マウス、ラットにおけるグリコアルカロイドのLD50は、30~60mg/Kg(被検動物体重比)です。(参照:付記2)
GAs含有量の多い部位は、ジャガイモの芽:1,500~3,000mg/Kgです。(参照:付記2)

仮定:体重50Kg成人のLD50を、1.5g(50Kg×30mg/Kg)と仮定する。
推定:体重50Kg成人のLD50/GAsに相当する”芽”の重量は、1~2Kg

『ジャガイモの有害成分の一番多い”芽”の部分だけを、1Kg以上食べないと致死量に至らない』ことが推測できます。

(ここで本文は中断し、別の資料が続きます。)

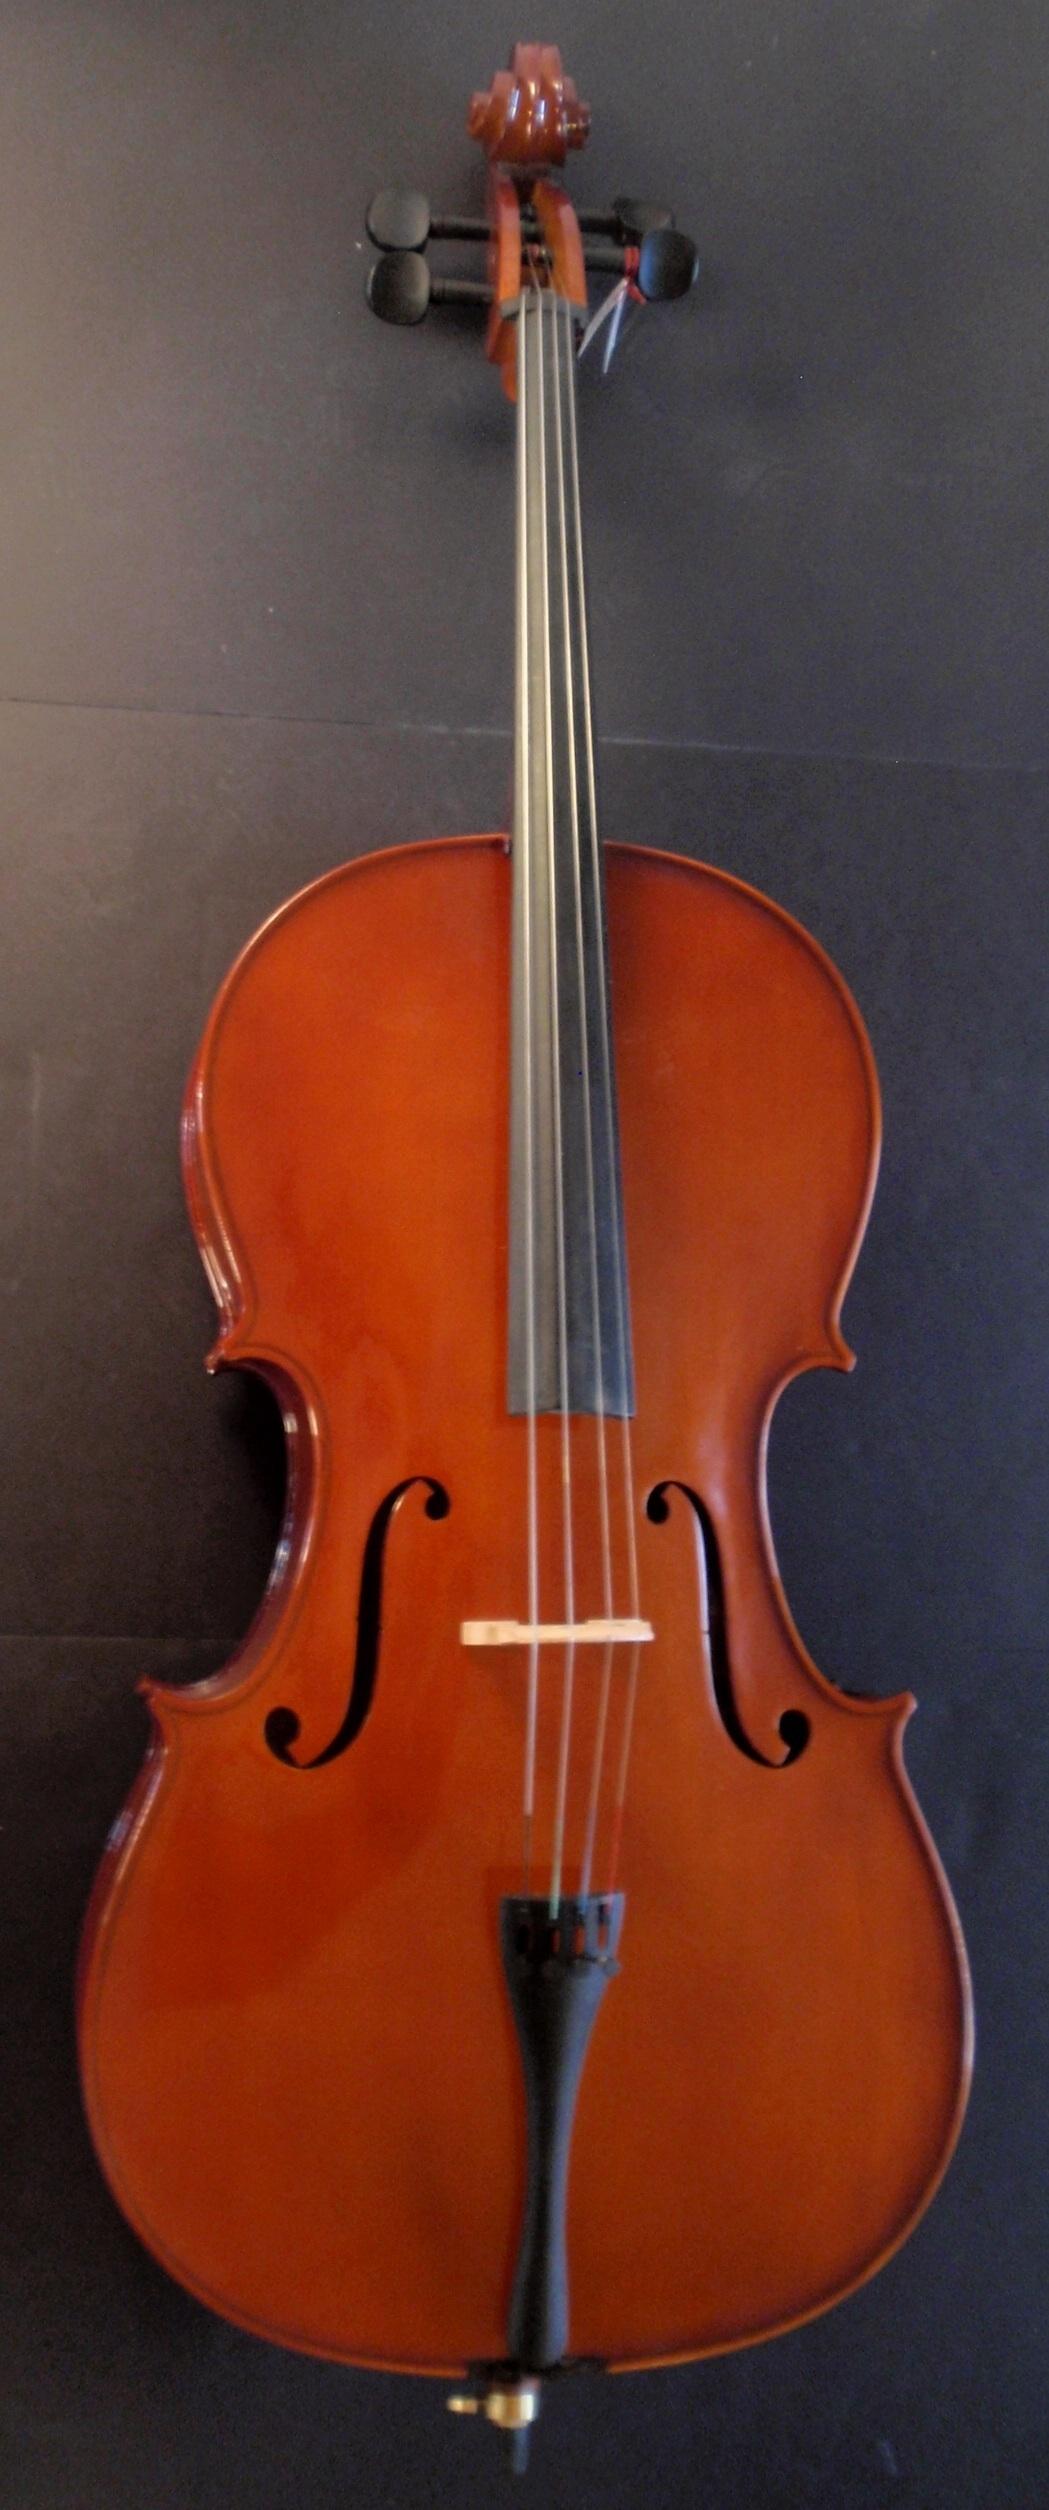 Allegro Cello Frontview

実際に、 ジャガイモのGAs誤食で、重症例や致死例は、ほとんどありません。
”誤食”とは、”誤って食べること”ですから、「間違って1Kg食べる」なんて事態は、通常ありえないのです。
致死量のGAsを、ジャガイモで摂取すること自体、非現実的な設定です。
(もし、ジャガイモのGAsで命を失うことがあれば、それは誤食ではなく、犯罪です。)


GAsの溜まりやすい部位

ナス科の植物は、GAsを産生します。(ジャガイモはナス科です)
成長部分や侵襲部位に、GAsは集積していきます。
成長点(茎の先端)や葉、花、果実、根(通常根)にも含まれます。
ジャガイモも花の後に果実が実りますが、この実にはGAsが多く含まれるため、食べられません。
地下茎で成長するイモは、通常の発育環境下ではGAsをほとんど含みません。
机上論では、安全に食べられます。
(参照:付記2、付記3)

イモであっても、GAsが問題になる場合もあります。

収穫前のイモが地上に露出し、イモの表面に葉緑素で緑色に変色した場合は、食べると危険です。
この変色部位には、GAsが集積しています。

収穫後のイモにストレスが加わると、GAsが増える

1:冷暗所に保管せず、強い光にさらされている場合
イモ表面に緑化変色が無くても、組織内GAsは増加します。

2:小さな傷を認める場合
冷暗所に保管しても、物理的な外力にさらされていると、GAsは増加します。

3:発芽部位
ジャガイモの芽が伸び始めると、”新芽”と”発芽した部分のイモ”にGAsが増加します。
発芽した窪みは、少し深くえぐり取ってください。

4:自家栽培のジャガイモの場合、小さいイモは避ける
小さいイモは、単位体積当たりの皮(表面積)が大きくなります。
GAsは表皮直下で産生されるため、小さいイモほどGAs含有重量比は大きくなります。
自家栽培のジャガイモは、小さいイモは避け、翌年の種イモと考えてください。  

スーパーで、明るい照明下に透明なビニール袋で小売りされている状態は、あまり好ましくありません。
自宅に持ち帰ったら、なるべく涼しく暗い場所に移し、早期に調理してください。

付記1
Potato glycoalkaloids and their significance in plant protection and human nutrition - Review
https://www.researchgate.net/publication/280018858_Potato_glycoalkaloids_and_their_significance_in_plant_protection_and_human_nutrition_-_Review
付記2
A Review of Occurrence of Glycoalkaloids in Potato and Potato Products
http://www.foodandnutritionjournal.org/download/3358

付記3
ジャガイモ中のグリコアルカロイドの簡易迅速分析
https://www.jstage.jst.go.jp/article/nskkk1995/43/5/43_5_593/_pdf/-char/en

緑化ジャガイモの有害性に関する報道に関して

ジャガイモのGAsに関する、センシティブな報道を見かけることがあります。
アルカロイドは、極めて苦味の強い成分です。
子供が一番嫌う味です。
『感受性の高い小児に対する神経障害リスク』、『最悪の場合死亡する可能性』など、臨床では遭遇しにくい設定で放送されています。

臨床現場では、腹痛で苦しむ患者さんが、ほとんどです。
はっきり言って、典型的な毒素型食中毒です。
興味を引くために『ゆがめた臨床像』を強調する報道には、違和感を感じます。